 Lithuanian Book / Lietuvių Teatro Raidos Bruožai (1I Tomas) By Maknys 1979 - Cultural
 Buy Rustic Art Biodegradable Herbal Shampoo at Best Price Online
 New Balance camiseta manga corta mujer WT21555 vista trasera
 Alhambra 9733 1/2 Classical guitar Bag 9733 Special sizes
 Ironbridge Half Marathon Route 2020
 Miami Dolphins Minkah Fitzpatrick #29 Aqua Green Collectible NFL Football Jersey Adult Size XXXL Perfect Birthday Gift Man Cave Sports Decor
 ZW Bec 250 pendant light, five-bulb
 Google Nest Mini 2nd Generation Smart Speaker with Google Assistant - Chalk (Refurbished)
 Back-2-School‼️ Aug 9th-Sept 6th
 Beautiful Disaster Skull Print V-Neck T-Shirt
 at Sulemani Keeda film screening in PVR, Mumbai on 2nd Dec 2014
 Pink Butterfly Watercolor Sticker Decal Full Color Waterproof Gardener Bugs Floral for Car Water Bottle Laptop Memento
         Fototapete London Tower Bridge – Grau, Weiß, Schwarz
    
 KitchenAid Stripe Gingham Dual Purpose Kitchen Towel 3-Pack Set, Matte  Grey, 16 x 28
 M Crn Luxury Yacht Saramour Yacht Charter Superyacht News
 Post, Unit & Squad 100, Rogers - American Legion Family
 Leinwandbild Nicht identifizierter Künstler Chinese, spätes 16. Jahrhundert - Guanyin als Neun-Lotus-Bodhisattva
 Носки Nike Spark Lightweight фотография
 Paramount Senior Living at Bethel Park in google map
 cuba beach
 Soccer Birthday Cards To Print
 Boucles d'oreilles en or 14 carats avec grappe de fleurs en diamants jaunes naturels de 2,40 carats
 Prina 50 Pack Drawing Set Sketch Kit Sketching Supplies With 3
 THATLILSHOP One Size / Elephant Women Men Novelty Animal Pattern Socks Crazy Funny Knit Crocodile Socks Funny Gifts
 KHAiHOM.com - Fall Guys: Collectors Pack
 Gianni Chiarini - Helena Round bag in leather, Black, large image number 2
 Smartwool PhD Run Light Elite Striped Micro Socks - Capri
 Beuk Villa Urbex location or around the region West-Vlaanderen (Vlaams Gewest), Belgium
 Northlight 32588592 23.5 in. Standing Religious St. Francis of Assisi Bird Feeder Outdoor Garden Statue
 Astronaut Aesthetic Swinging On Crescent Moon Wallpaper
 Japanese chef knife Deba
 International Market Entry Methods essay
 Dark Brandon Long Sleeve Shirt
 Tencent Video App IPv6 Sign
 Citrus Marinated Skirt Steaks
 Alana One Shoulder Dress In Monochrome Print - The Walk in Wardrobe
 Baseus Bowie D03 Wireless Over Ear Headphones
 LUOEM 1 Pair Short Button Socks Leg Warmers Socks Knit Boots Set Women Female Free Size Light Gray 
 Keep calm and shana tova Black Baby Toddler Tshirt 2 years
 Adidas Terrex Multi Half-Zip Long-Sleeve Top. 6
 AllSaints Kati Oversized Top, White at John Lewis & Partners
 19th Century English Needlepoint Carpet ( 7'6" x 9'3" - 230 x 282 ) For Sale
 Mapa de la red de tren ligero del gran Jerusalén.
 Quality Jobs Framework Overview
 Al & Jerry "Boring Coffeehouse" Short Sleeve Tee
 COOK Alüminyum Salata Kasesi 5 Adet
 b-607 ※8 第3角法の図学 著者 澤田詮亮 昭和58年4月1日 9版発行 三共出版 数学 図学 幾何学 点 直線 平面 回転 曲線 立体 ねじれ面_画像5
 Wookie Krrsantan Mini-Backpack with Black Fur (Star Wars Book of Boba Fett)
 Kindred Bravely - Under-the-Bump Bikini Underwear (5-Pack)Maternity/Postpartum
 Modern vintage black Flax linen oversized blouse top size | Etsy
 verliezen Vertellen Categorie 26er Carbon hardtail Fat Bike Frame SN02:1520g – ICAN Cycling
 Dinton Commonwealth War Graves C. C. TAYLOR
· · ·
Task goal:
Please copy the line that contains "Quality Jobs Framework Overview" and each line after it through the end of the records, exactly, and no other lines.

Output of the task:
 Quality Jobs Framework Overview
 Al & Jerry "Boring Coffeehouse" Short Sleeve Tee
 COOK Alüminyum Salata Kasesi 5 Adet
 b-607 ※8 第3角法の図学 著者 澤田詮亮 昭和58年4月1日 9版発行 三共出版 数学 図学 幾何学 点 直線 平面 回転 曲線 立体 ねじれ面_画像5
 Wookie Krrsantan Mini-Backpack with Black Fur (Star Wars Book of Boba Fett)
 Kindred Bravely - Under-the-Bump Bikini Underwear (5-Pack)Maternity/Postpartum
 Modern vintage black Flax linen oversized blouse top size | Etsy
 verliezen Vertellen Categorie 26er Carbon hardtail Fat Bike Frame SN02:1520g – ICAN Cycling
 Dinton Commonwealth War Graves C. C. TAYLOR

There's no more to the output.